::: Supplied information :::

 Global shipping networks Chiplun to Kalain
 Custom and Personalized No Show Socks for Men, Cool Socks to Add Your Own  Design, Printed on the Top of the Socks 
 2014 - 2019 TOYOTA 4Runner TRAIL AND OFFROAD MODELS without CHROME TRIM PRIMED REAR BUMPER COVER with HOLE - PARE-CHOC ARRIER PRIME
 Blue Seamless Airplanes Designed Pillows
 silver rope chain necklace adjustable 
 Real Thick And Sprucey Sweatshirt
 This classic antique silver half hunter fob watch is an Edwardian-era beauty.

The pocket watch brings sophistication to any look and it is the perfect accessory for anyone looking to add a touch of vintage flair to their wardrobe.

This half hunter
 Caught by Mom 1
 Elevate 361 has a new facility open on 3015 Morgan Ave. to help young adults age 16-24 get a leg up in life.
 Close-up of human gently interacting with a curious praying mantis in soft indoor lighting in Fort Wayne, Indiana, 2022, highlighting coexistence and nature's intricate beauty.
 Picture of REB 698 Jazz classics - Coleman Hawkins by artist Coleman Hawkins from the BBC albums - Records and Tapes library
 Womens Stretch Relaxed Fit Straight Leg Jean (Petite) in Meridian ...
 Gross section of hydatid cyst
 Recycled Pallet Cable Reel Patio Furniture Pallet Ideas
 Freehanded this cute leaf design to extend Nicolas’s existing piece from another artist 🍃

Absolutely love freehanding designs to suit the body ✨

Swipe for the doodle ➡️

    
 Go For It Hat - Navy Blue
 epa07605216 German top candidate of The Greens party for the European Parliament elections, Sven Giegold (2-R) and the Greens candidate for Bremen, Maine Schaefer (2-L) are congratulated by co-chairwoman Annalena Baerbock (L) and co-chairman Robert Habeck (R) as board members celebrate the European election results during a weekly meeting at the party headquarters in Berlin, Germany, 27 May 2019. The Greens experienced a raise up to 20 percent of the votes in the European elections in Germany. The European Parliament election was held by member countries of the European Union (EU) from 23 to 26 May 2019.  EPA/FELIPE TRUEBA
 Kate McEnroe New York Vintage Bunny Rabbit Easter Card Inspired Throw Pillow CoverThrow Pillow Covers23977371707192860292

:::

A single number is required: the count of lines in the data above that include the string "beauty".

2